Source material Block Start
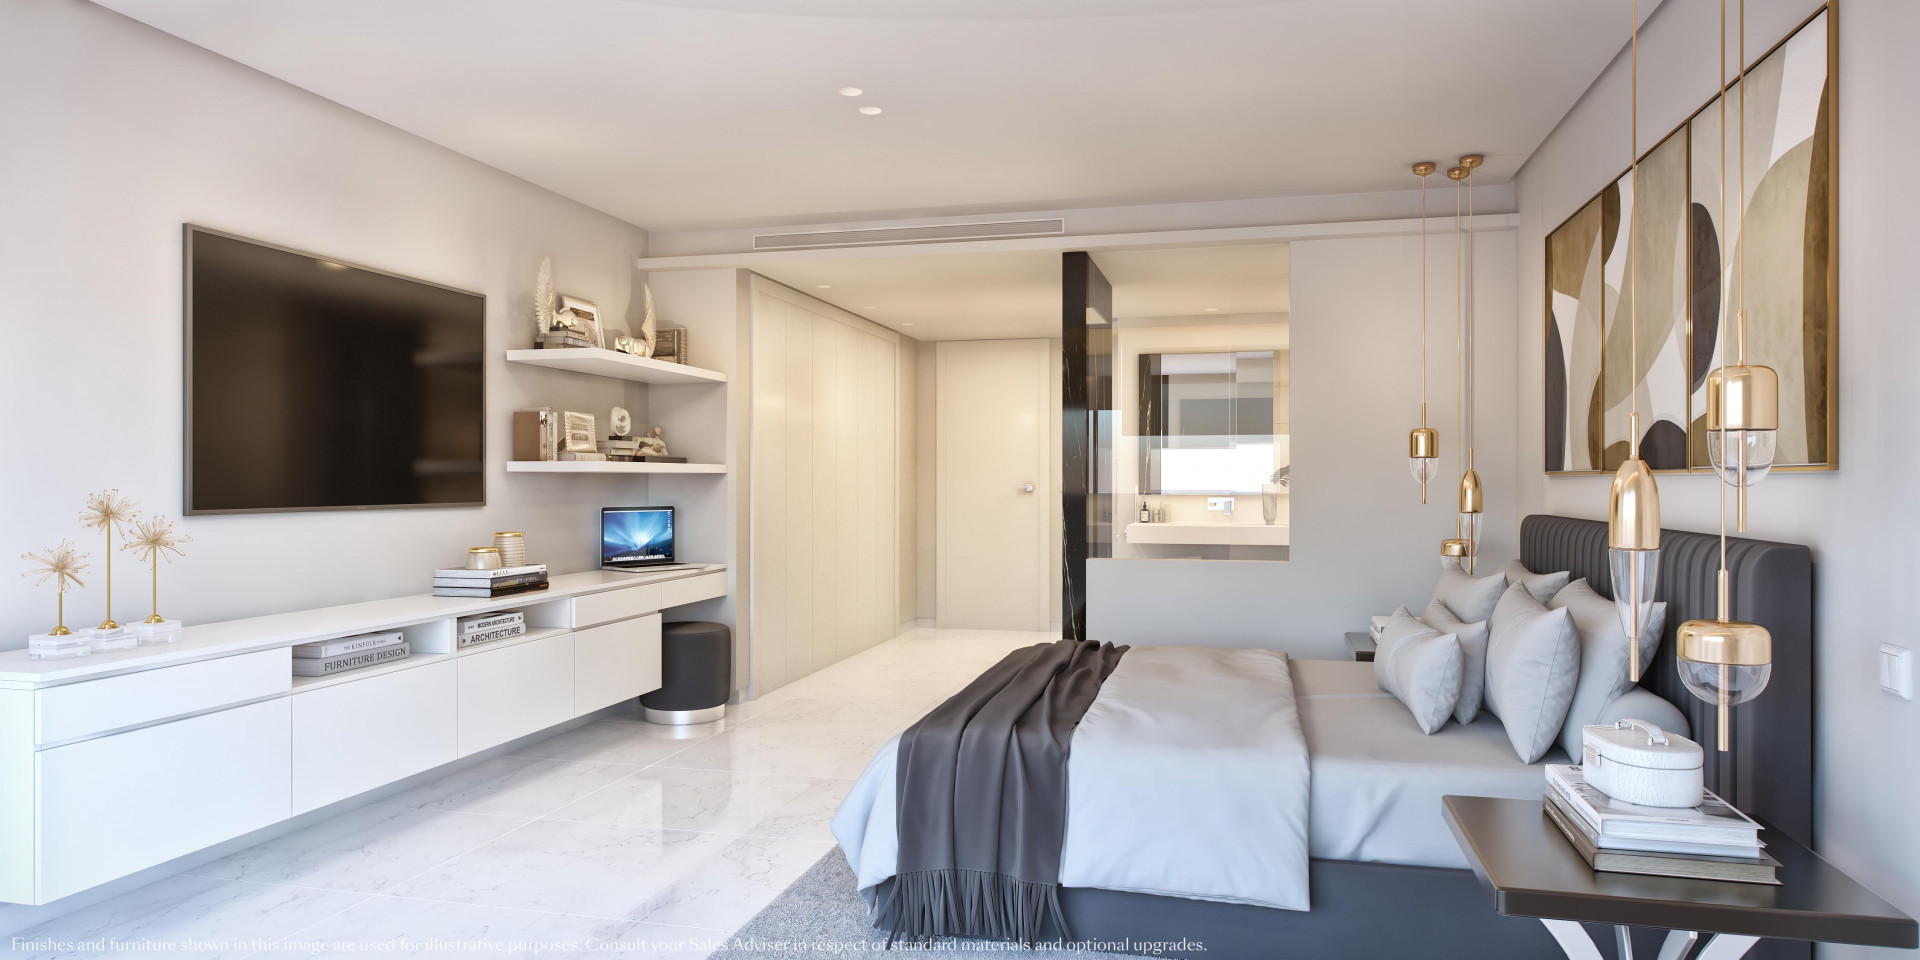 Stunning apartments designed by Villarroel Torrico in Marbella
Source material Block End
Source material Block Start
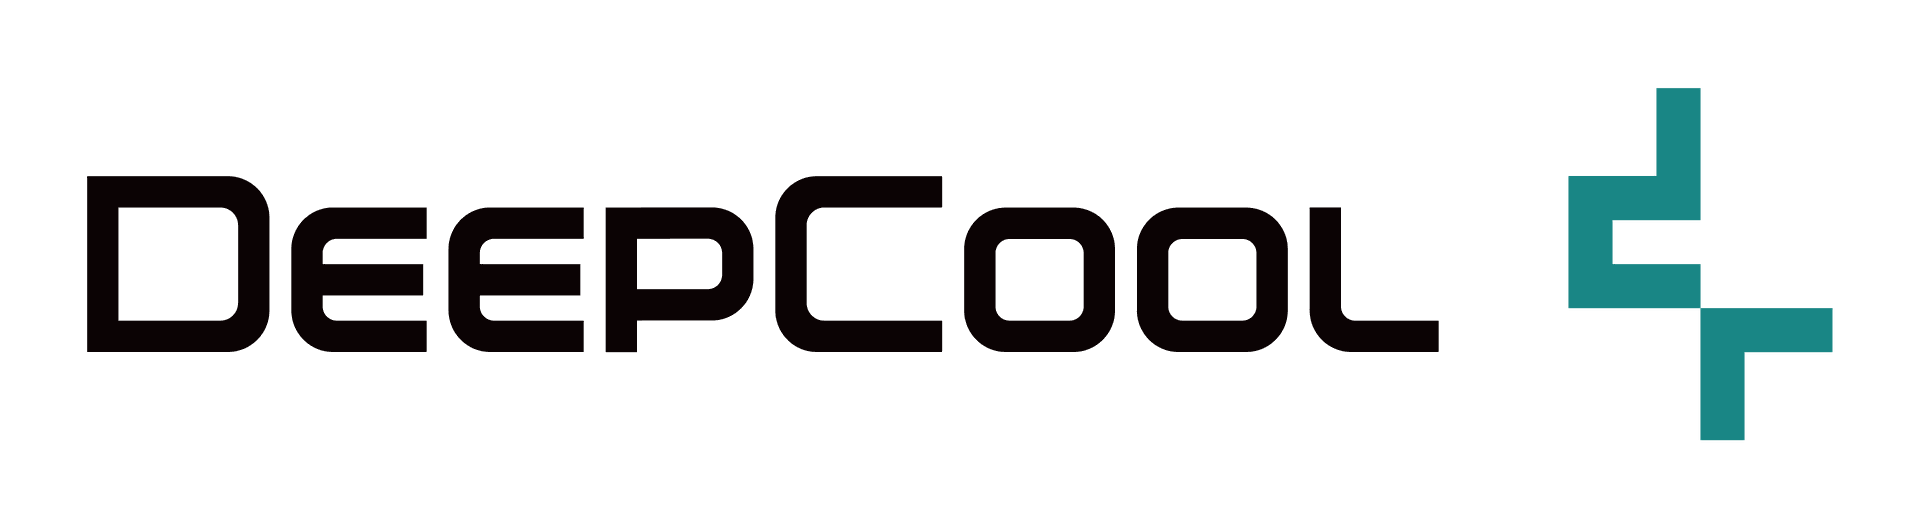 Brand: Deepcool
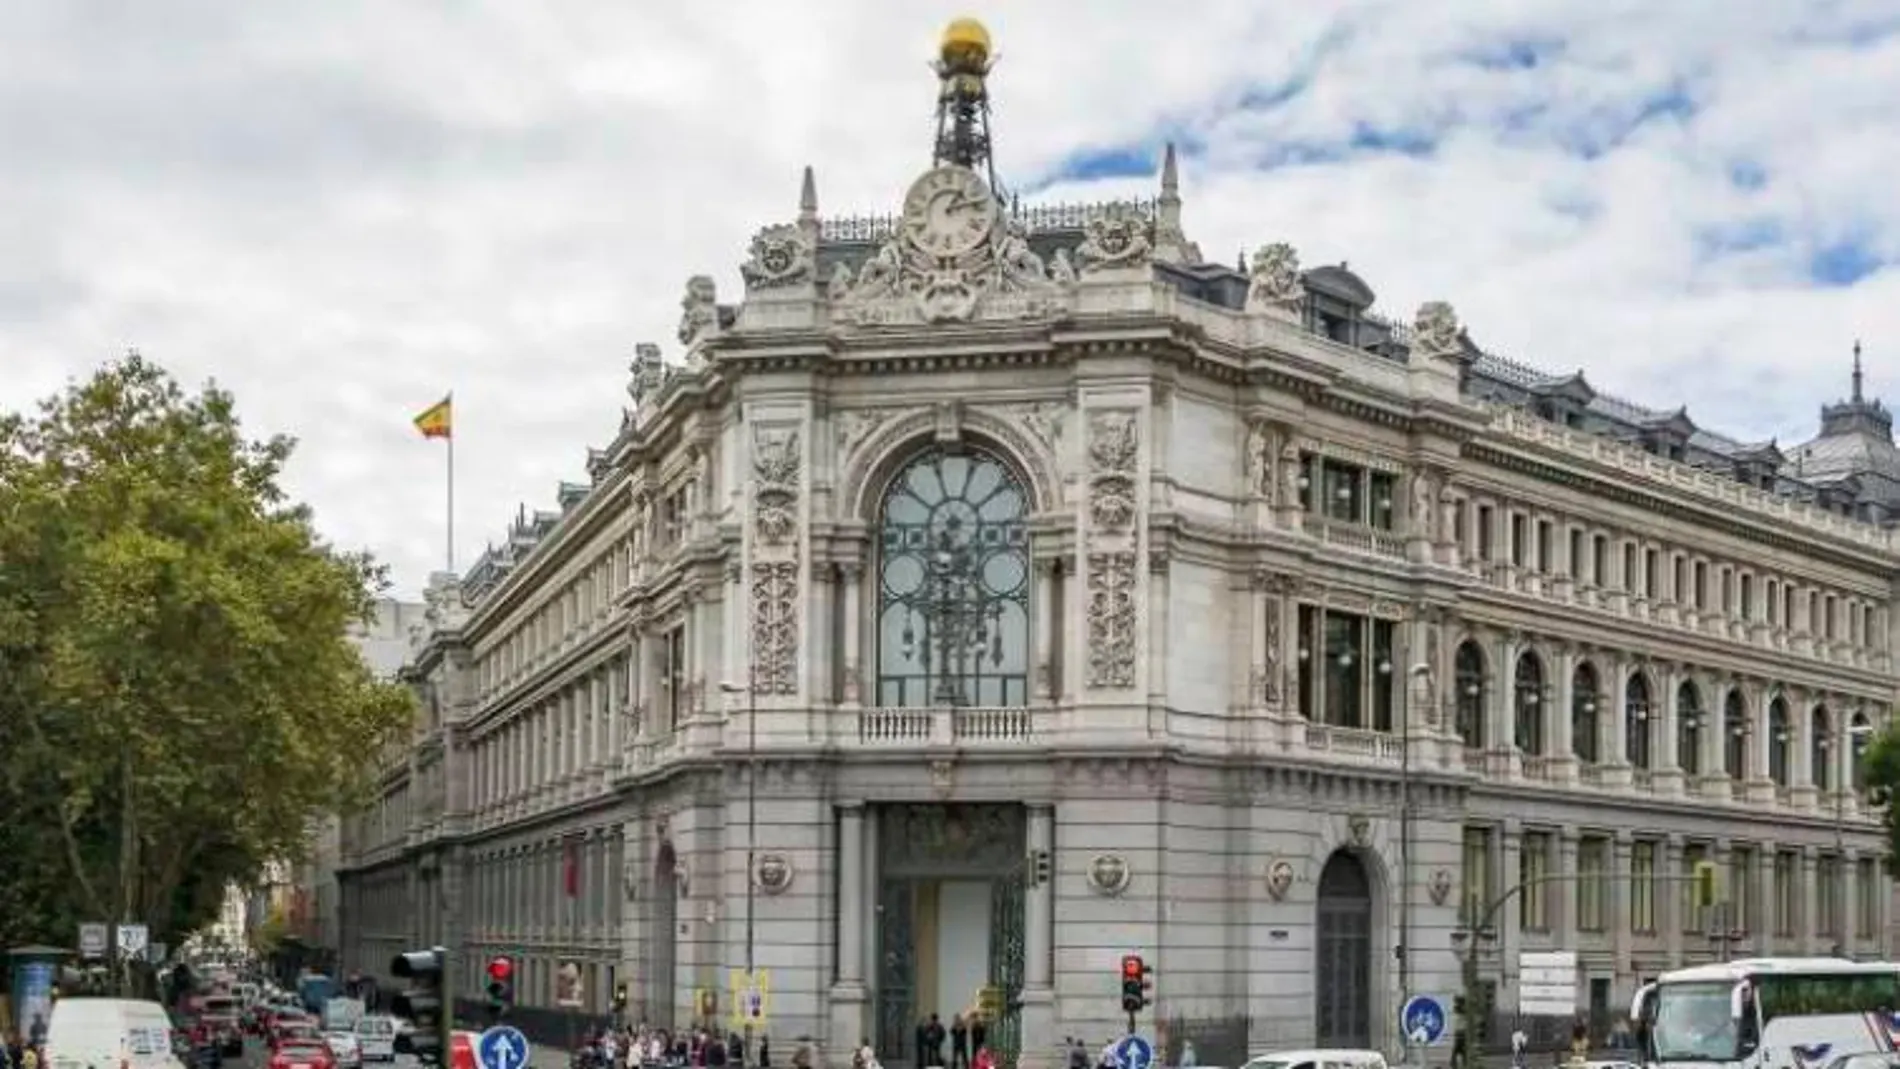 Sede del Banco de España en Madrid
Source material Block End
Source material Block Start
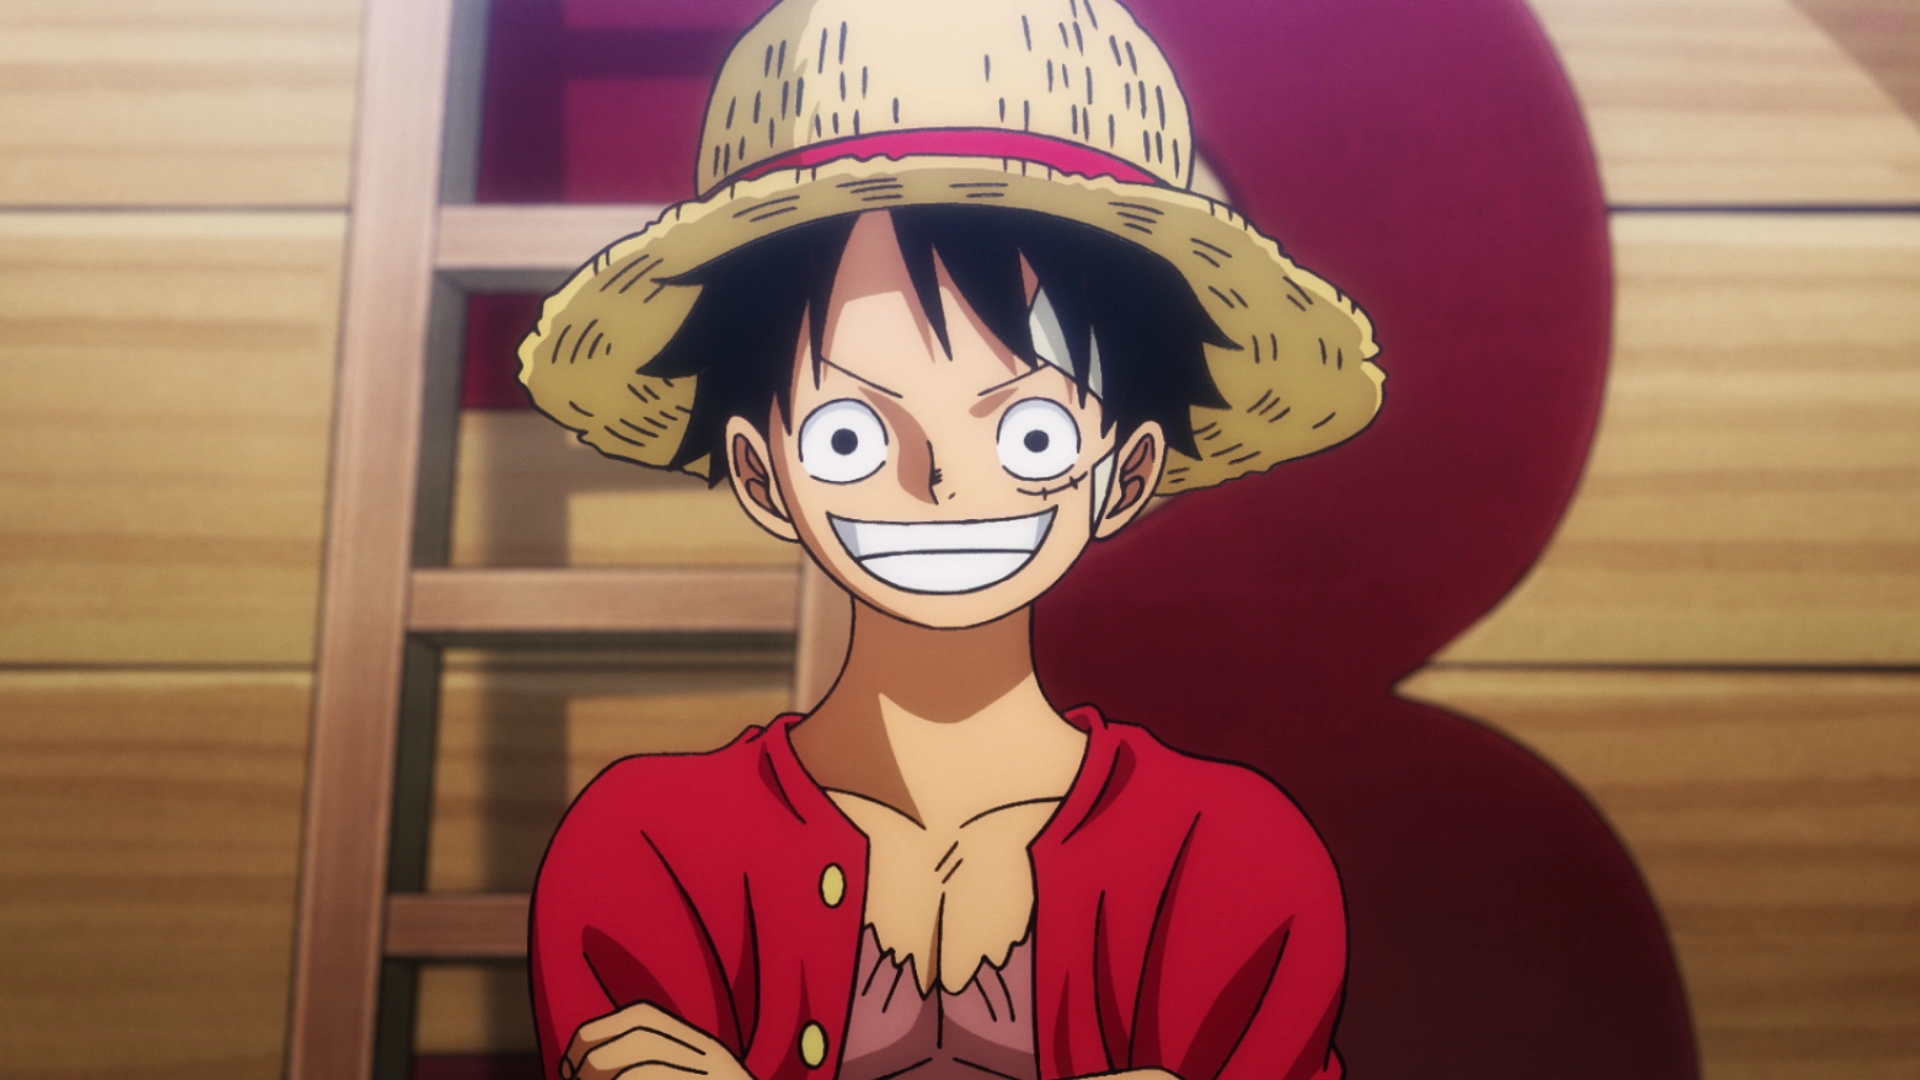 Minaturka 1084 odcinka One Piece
Source material Block End
What is being asked: For this exercise, please set down exactly the lines of the listing above from the line with "Brand: Deepcool" up to and including the line with "Sede del Banco de España en Madrid", and no pictures.

Task result:
 Brand: Deepcool
 Sede del Banco de España en Madrid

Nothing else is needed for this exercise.